• **TASK PROMPT**:
An exact copy of all the lines below is required, with every image left out.

• **DATA PROVIDED**:
━━━━━━
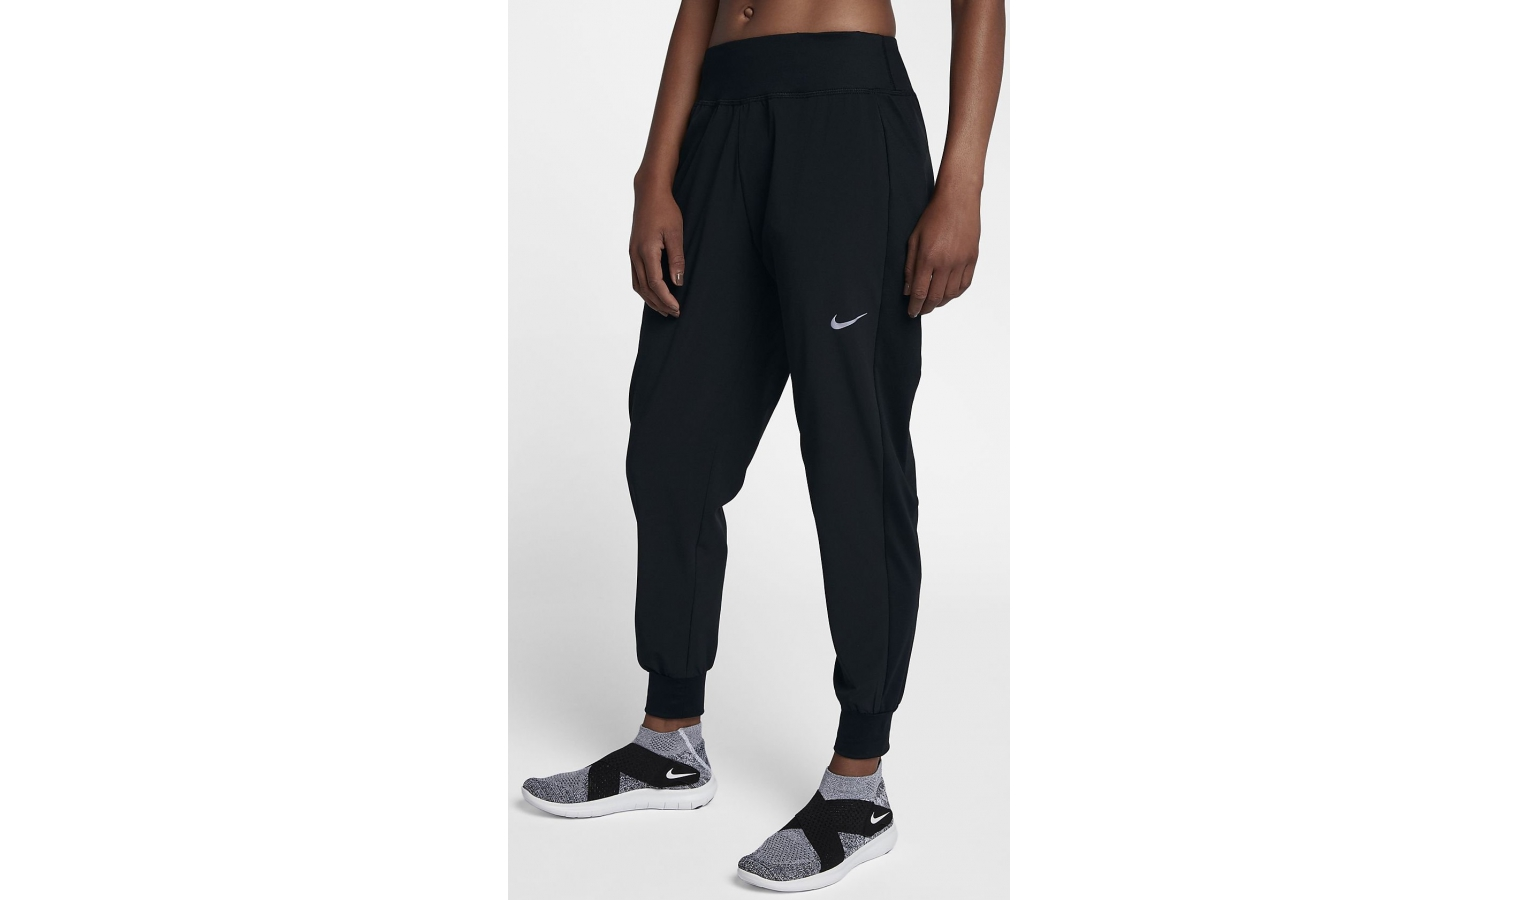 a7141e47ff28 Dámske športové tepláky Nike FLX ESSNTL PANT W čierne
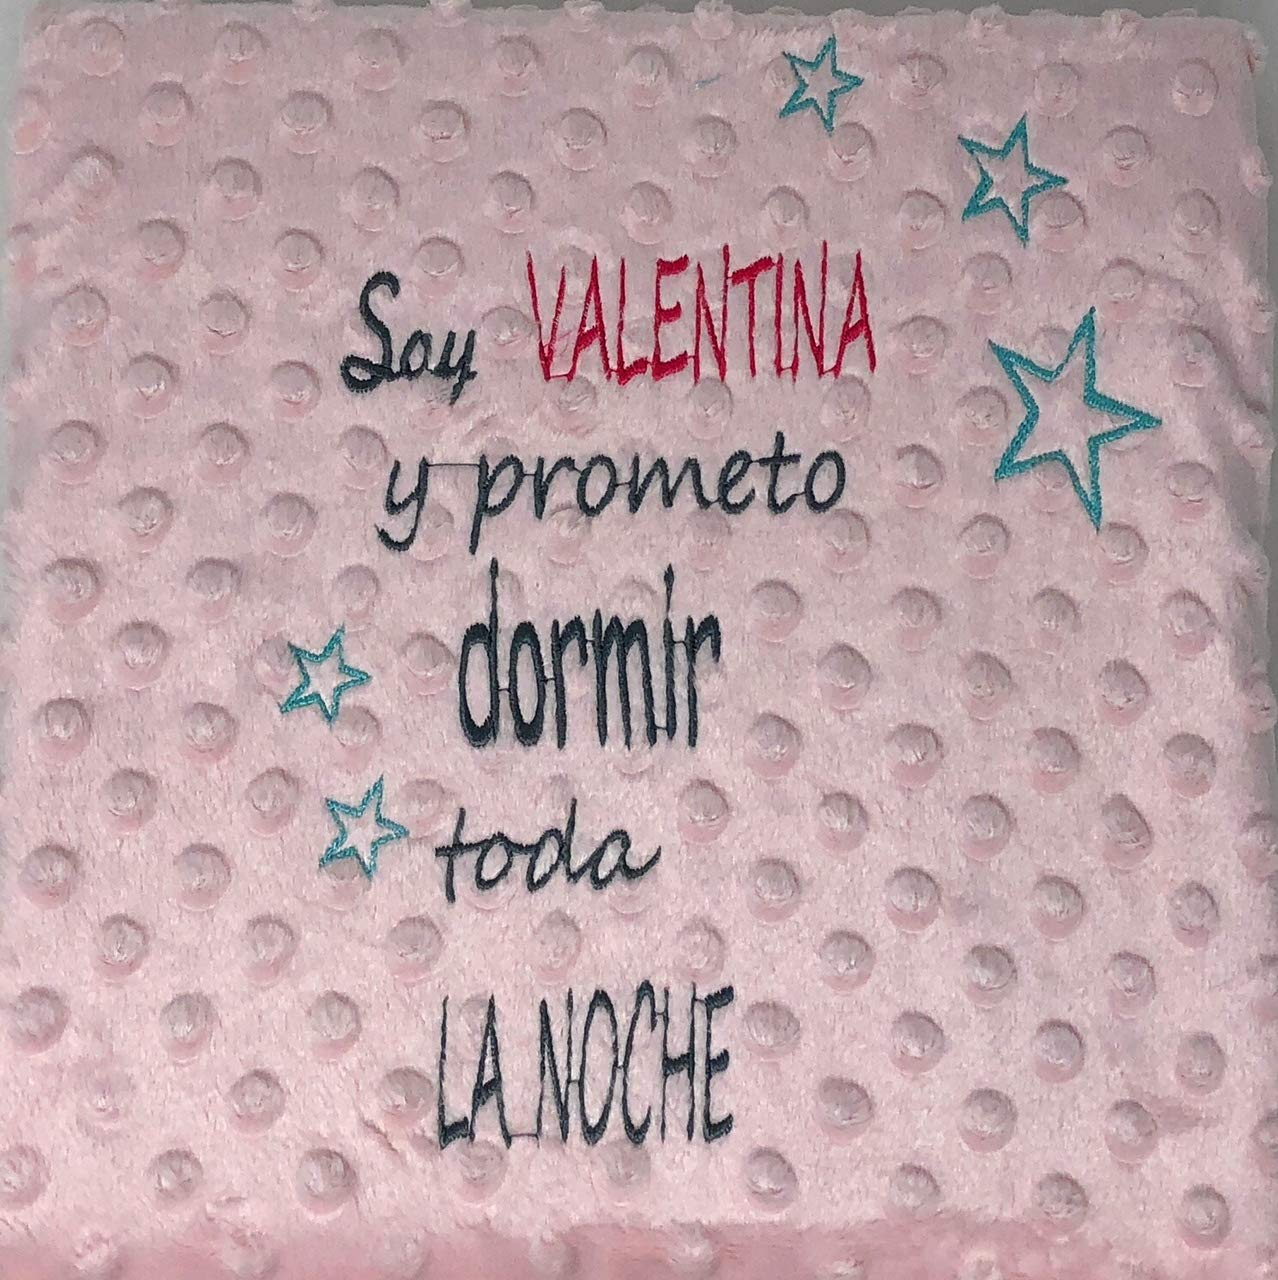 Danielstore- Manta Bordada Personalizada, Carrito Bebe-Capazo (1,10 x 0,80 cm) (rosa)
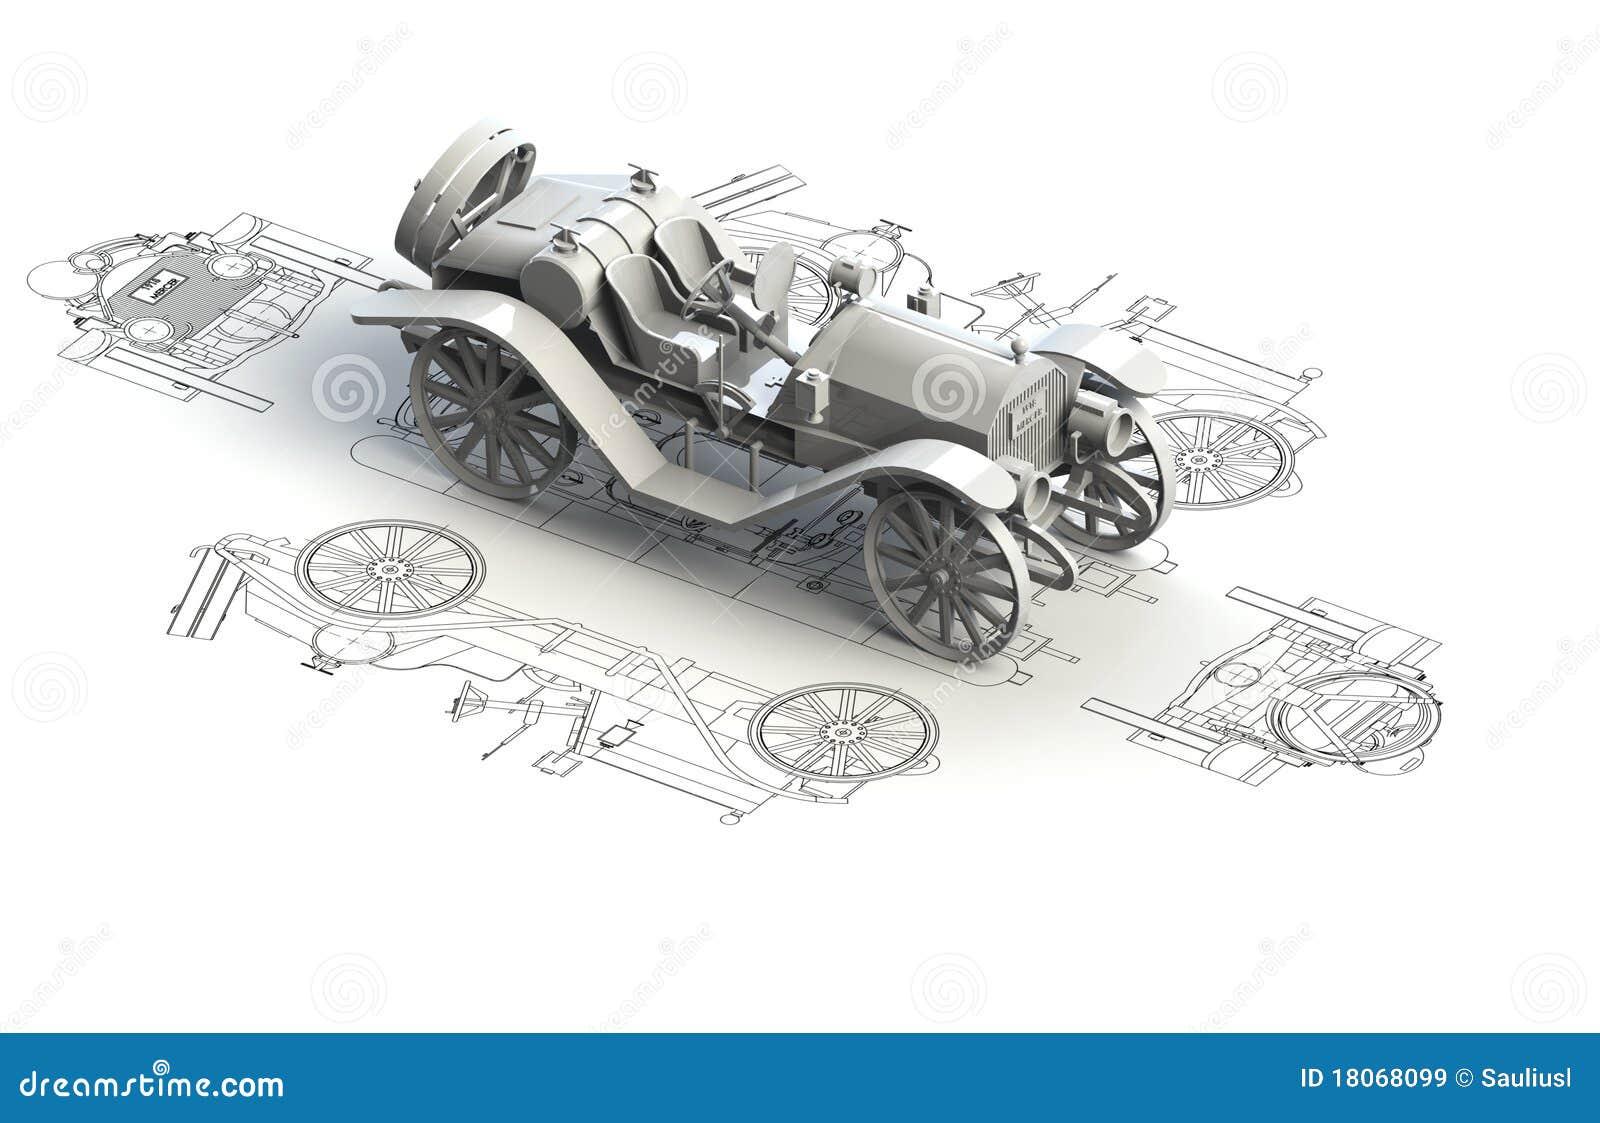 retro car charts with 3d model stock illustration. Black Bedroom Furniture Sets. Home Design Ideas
━━━━━━
• **RESULT BELOW**:
 a7141e47ff28 Dámske športové tepláky Nike FLX ESSNTL PANT W čierne
 Danielstore- Manta Bordada Personalizada, Carrito Bebe-Capazo (1,10 x 0,80 cm) (rosa)
 retro car charts with 3d model stock illustration. Black Bedroom Furniture Sets. Home Design Ideas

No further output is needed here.